Луна в окне стала более прозрачной, а темное небо начало сереть близился рассвет. Гаррис, не выдержав, плотно запер дверь на несколько засовов.
Поспите, родные мои, хоть час. Никто не забредет сюда, я покараулю вас до утра, он успокоил своих посетителей, которые за все эти годы стали ему действительно близкими людьми. Даже попрошайки, которые нигде не работали, а только клянчили монеты у ворот приходской церкви, вызывали в нем жалость они тоже хотят жить! Никто из них не заслуживает такой жуткой смерти. Всех тех, кто был здесь он знал с детства. Пока они рядом с ним им ничего не угрожает.
И люди послушно положили головы на столы и сомкнули отяжелевшие от бессонных ночей веки. Усталость взяла свое, увещевание хозяина таверны о том, что он будет сторожить их сон с ружьем в руках немного усыпило и отогнало страх подальше отсюда. У Гарриса было всего лишь две комнаты с койками, а людей в его таверну набилось столько, что многим пришлось заночевать прямо на соломенном полу в пивном зале.

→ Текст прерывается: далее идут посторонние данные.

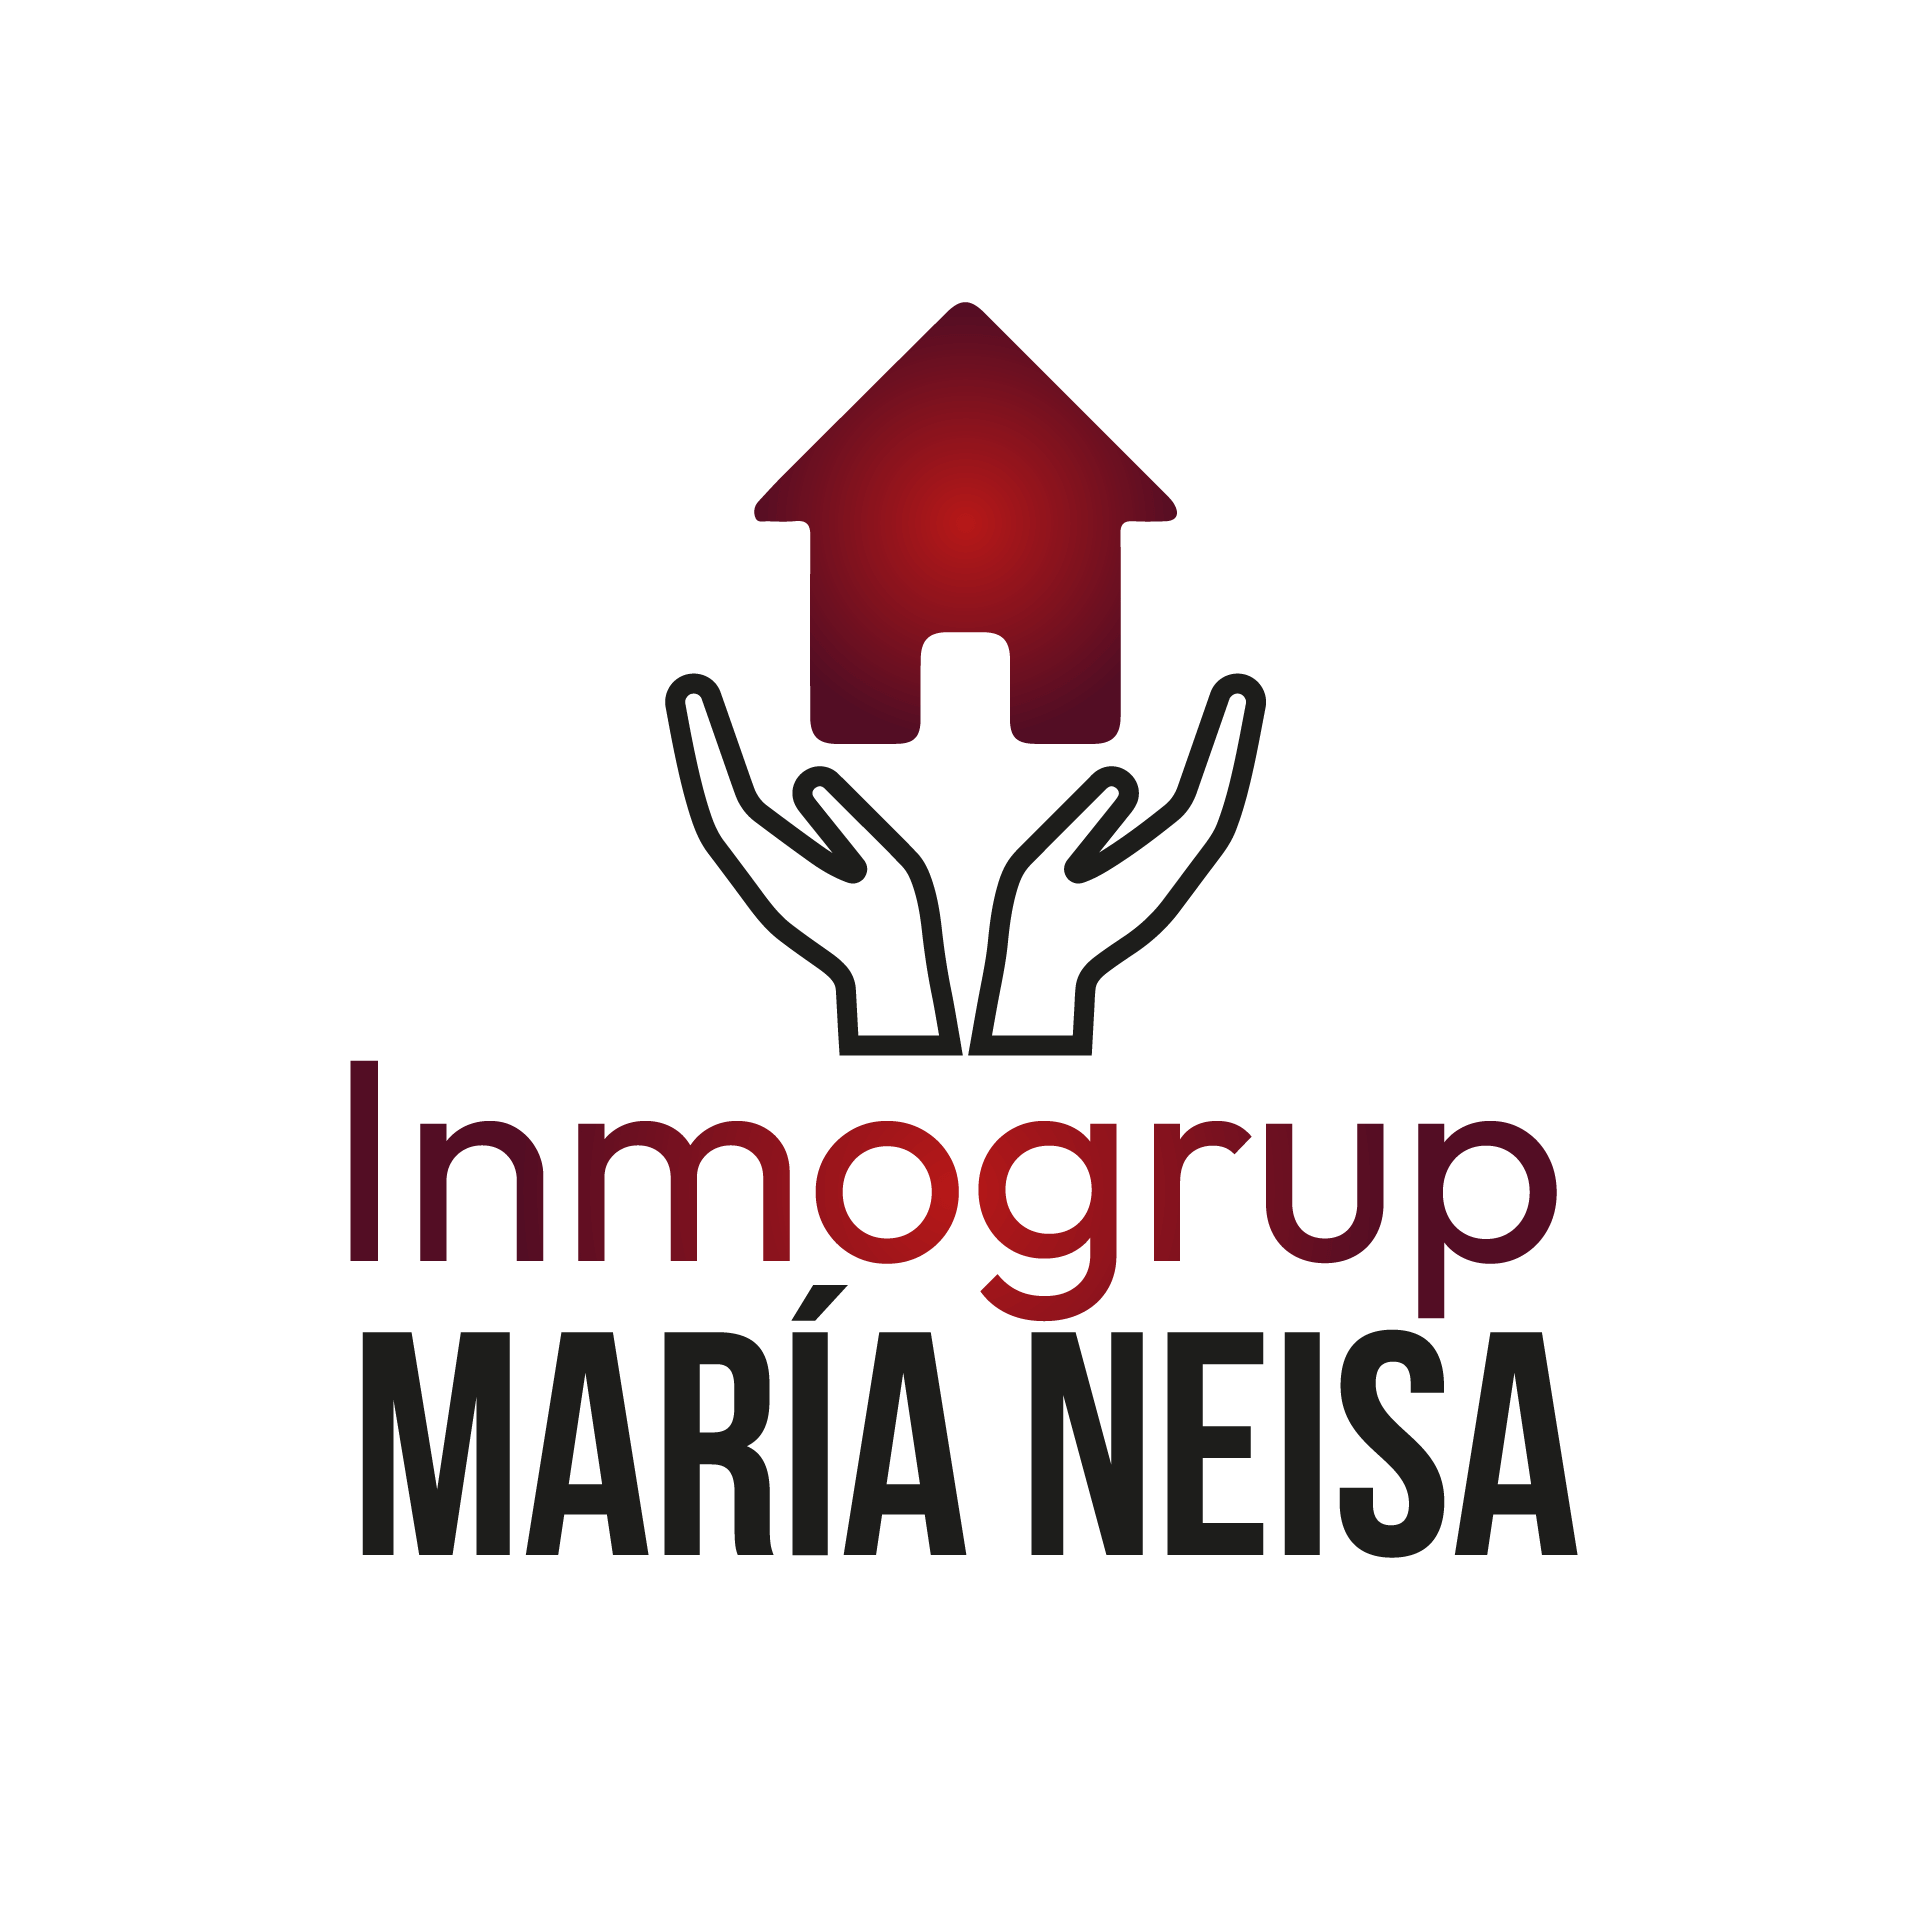 Inmogrup Maria Neisa

А этим временем убийца небрежно шел по улицам их города и открывал счет новым жертвам. Беспощадный и жестокий он не знал жалости и упивался своей властью над теми, кто считал себя в этом городе хозяином. И перед ним все стали равны и богачи и бедняки, и молодые и старики. Кто бы ни попался на его пути пощады не жди и смерть добровольно прими, ведь от его цепких лап никому не уйти.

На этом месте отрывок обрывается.